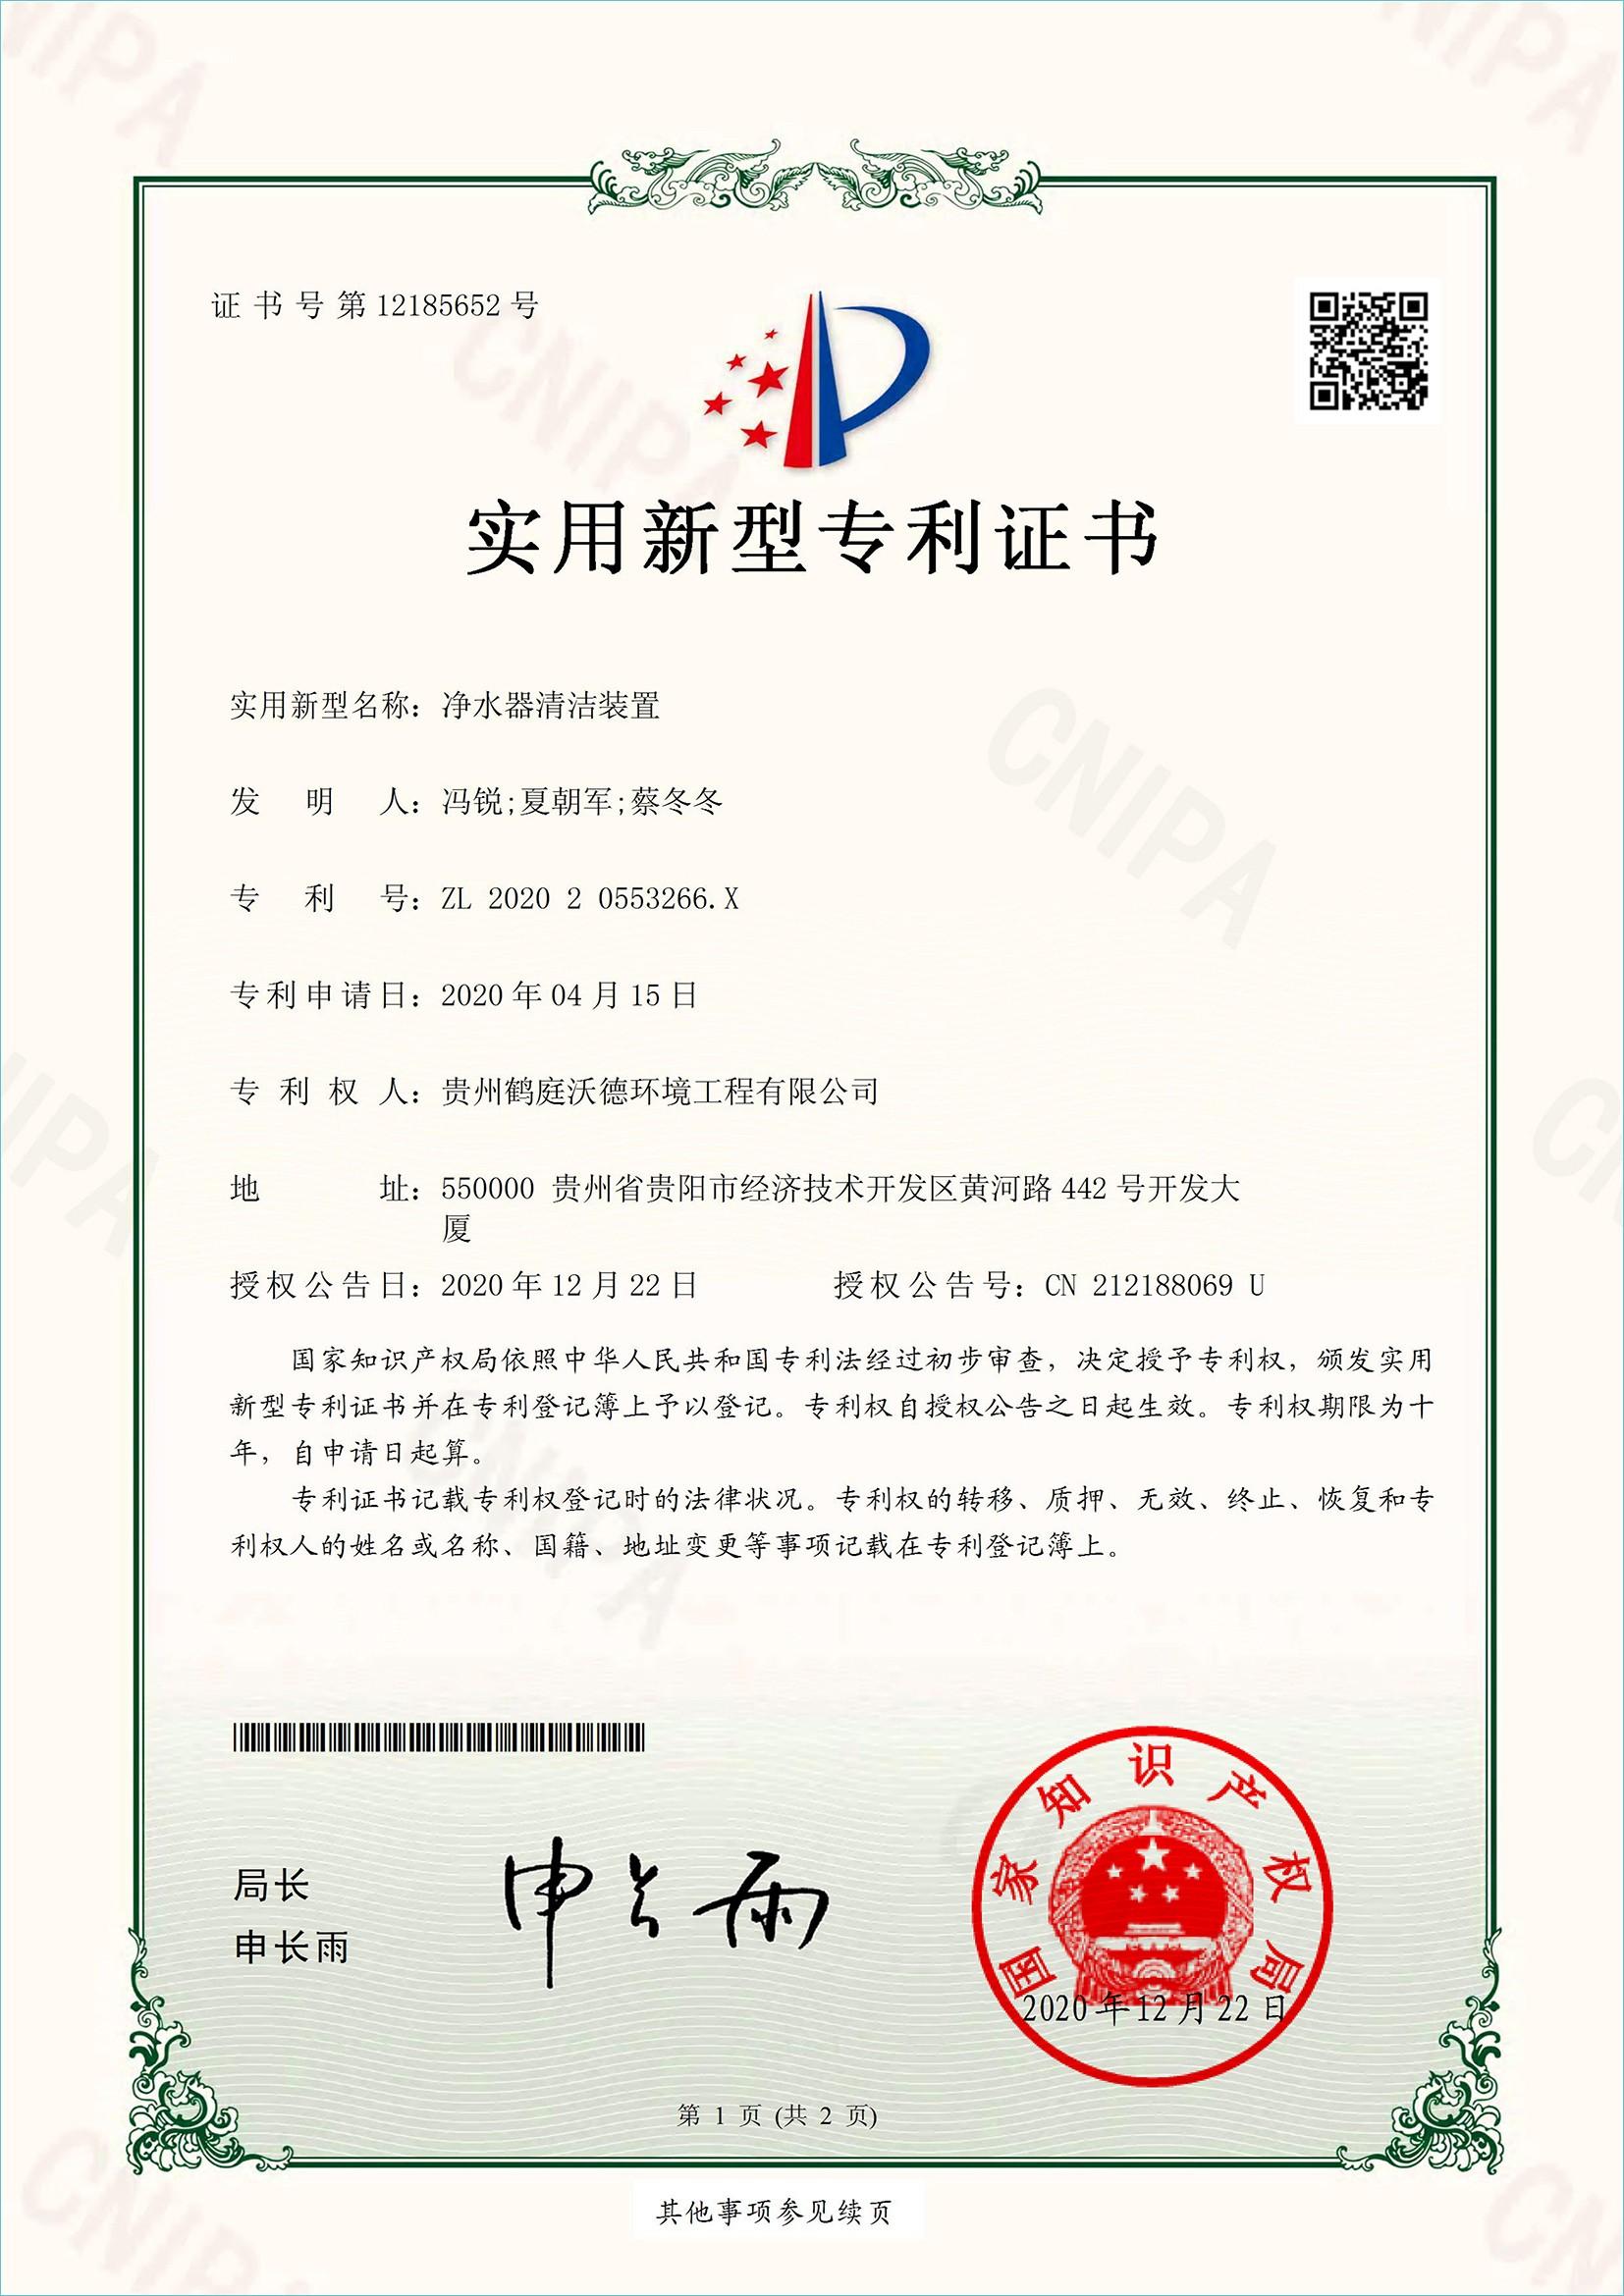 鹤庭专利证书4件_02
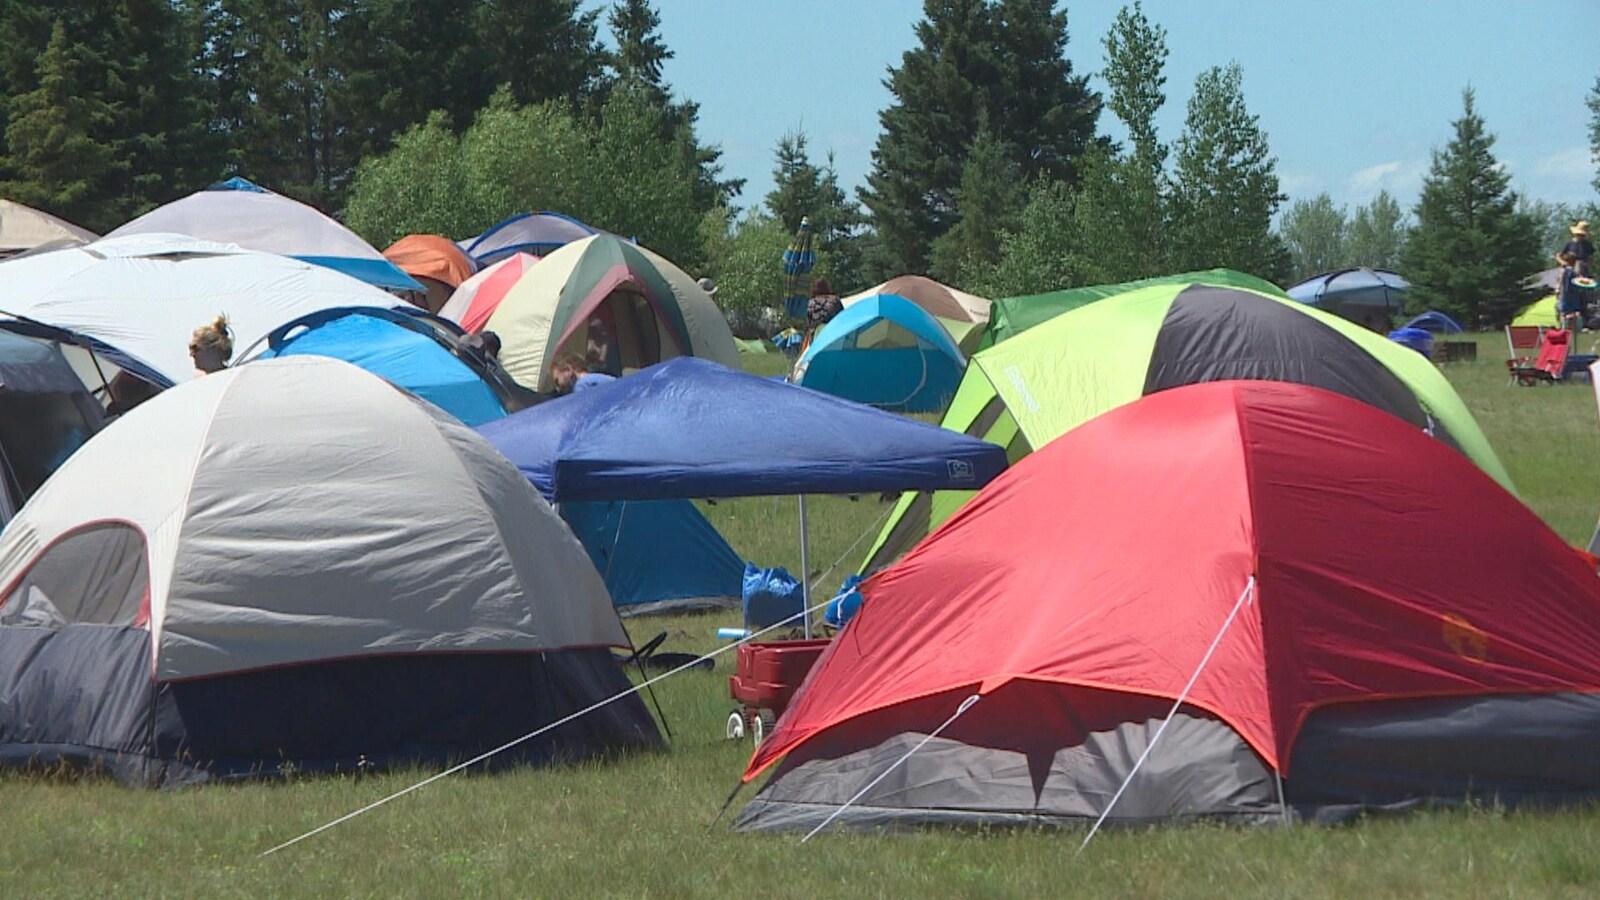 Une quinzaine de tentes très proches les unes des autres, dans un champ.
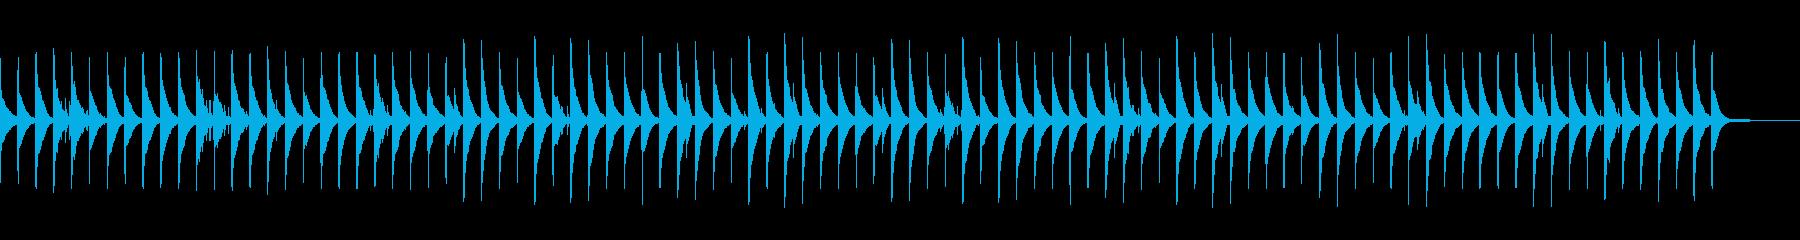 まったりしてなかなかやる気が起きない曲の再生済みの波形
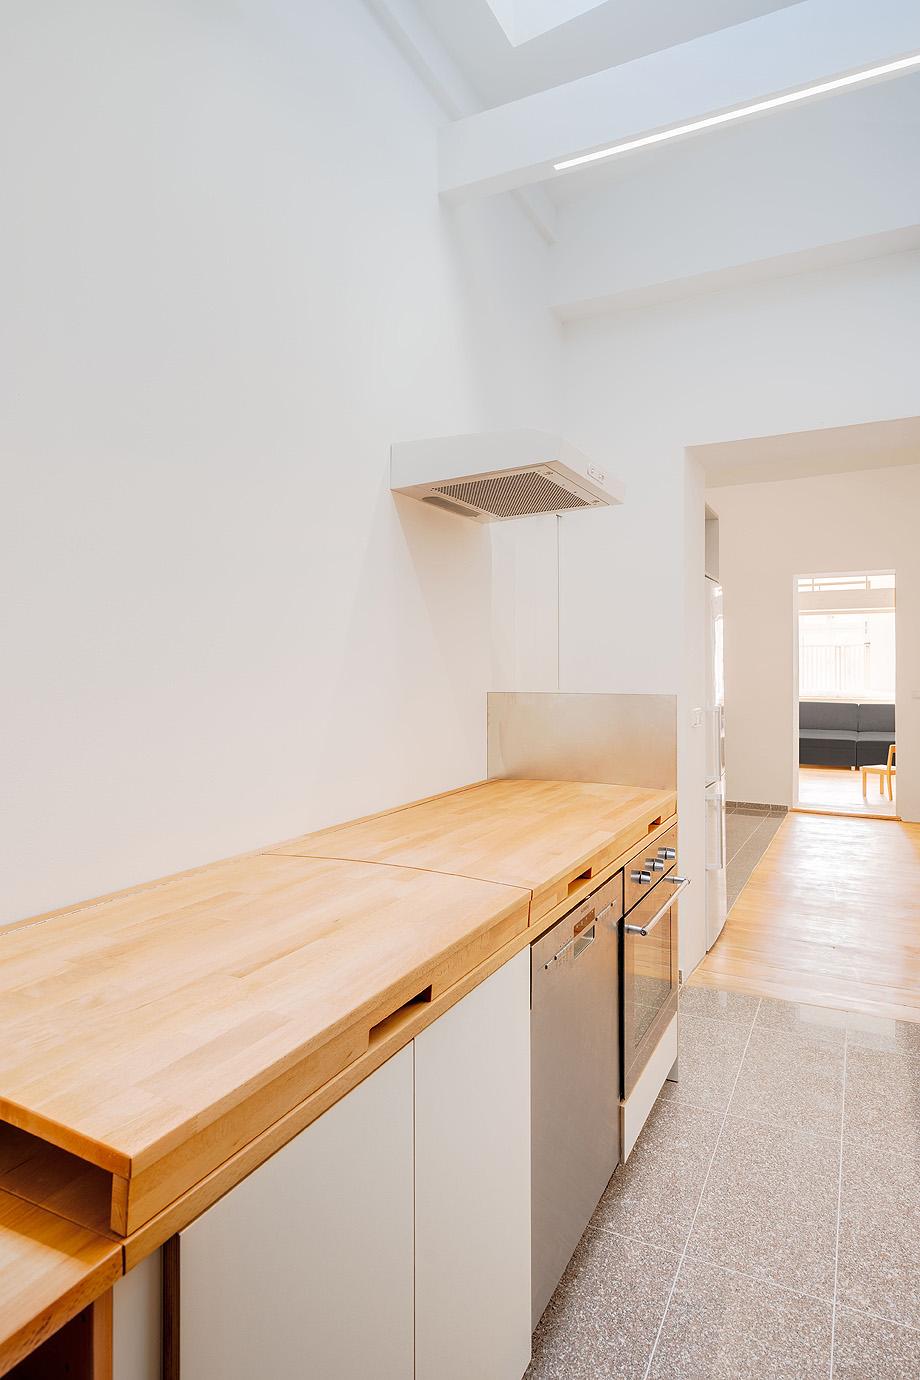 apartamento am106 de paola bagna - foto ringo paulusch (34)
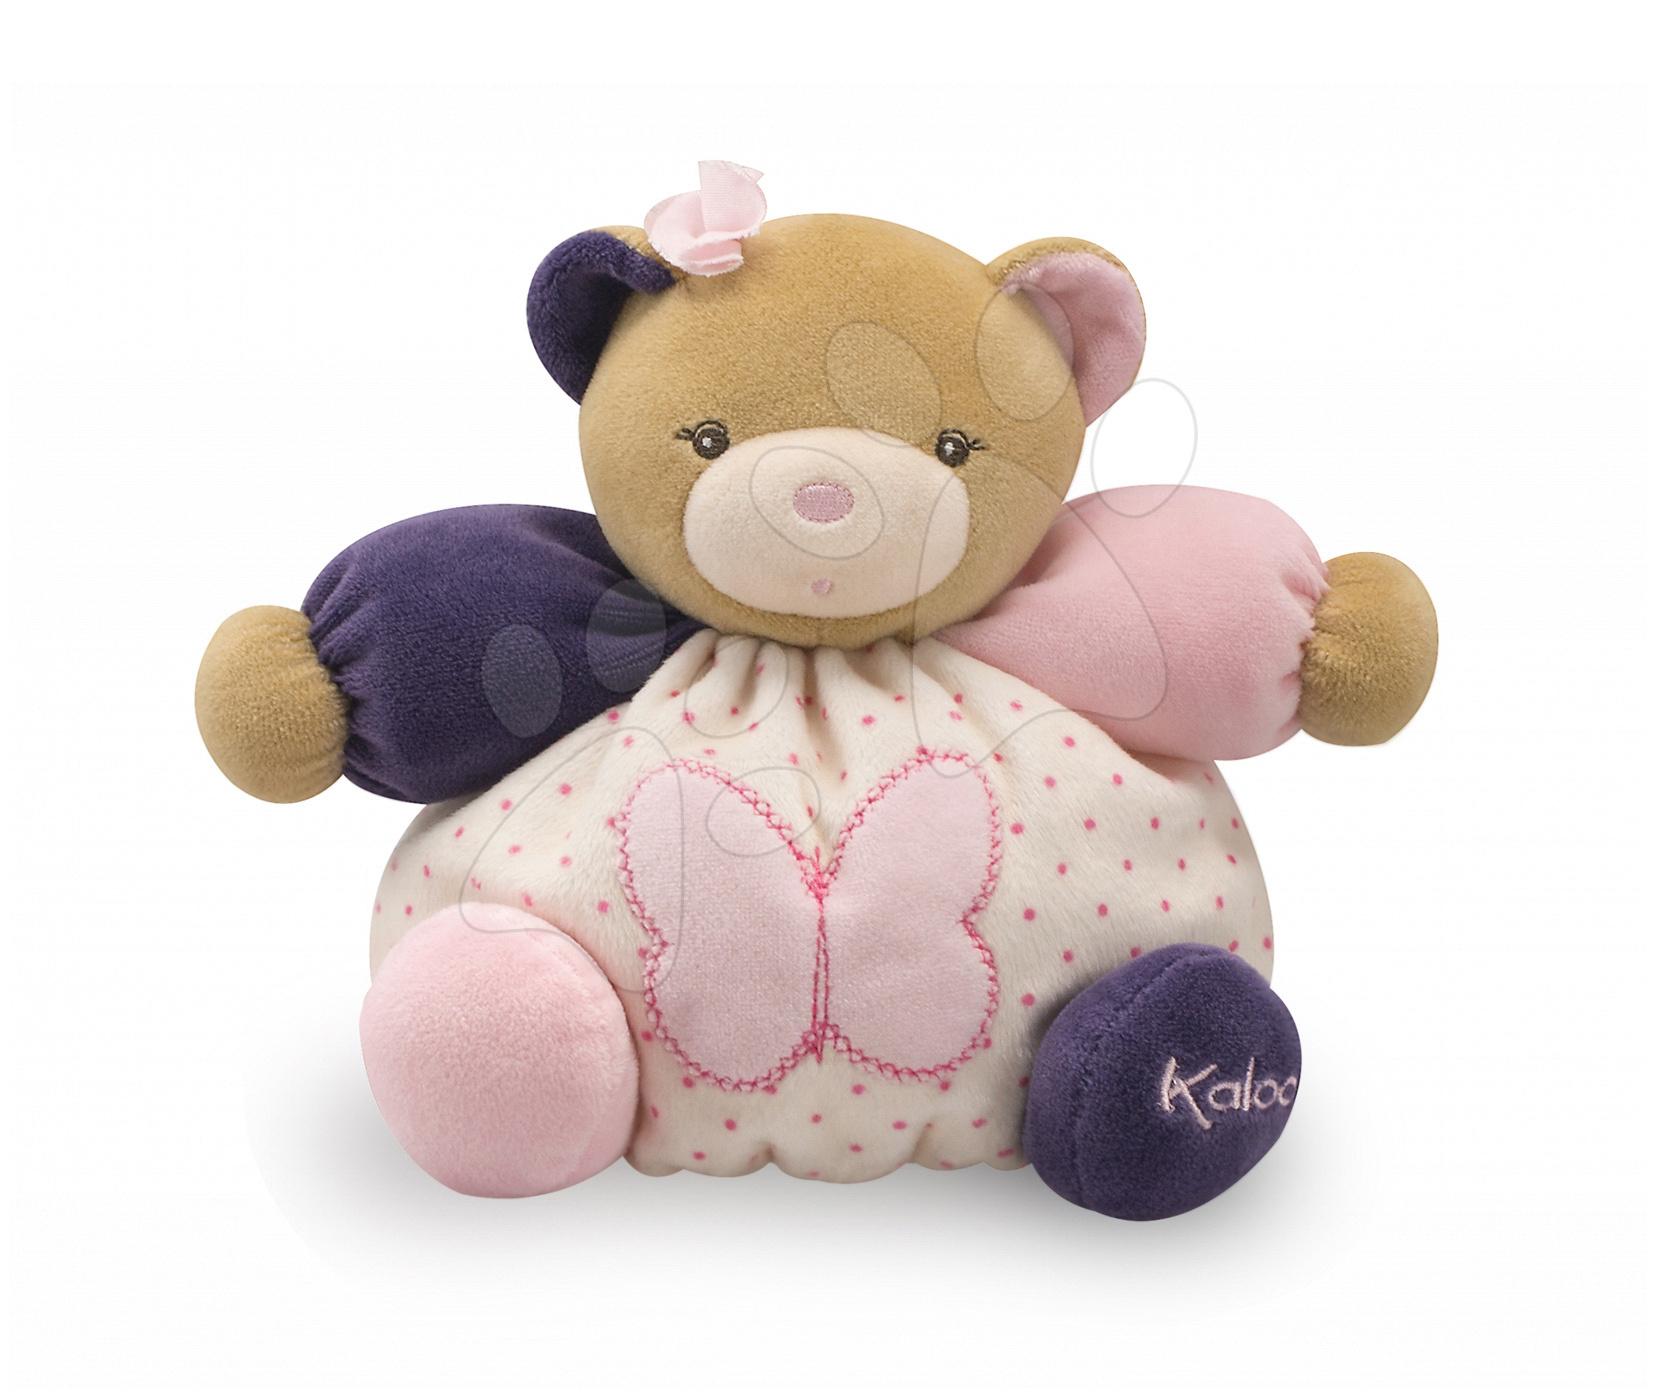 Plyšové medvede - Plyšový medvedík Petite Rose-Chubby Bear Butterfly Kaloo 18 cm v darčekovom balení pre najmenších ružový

▸ **WHAT TO DO**:
Wherever an image appears, omit it; copy the rest of the records exactly.

▸ **ANSWER SPACE**:
 鹤庭专利证书4件_02
 Une quinzaine de tentes très proches les unes des autres, dans un champ.
 まったりしてなかなかやる気が起きない曲の再生済みの波形
 apartamento am106 de paola bagna - foto ringo paulusch (34)
 Plyšové medvede - Plyšový medvedík Petite Rose-Chubby Bear Butterfly Kaloo 18 cm v darčekovom balení pre najmenších ružový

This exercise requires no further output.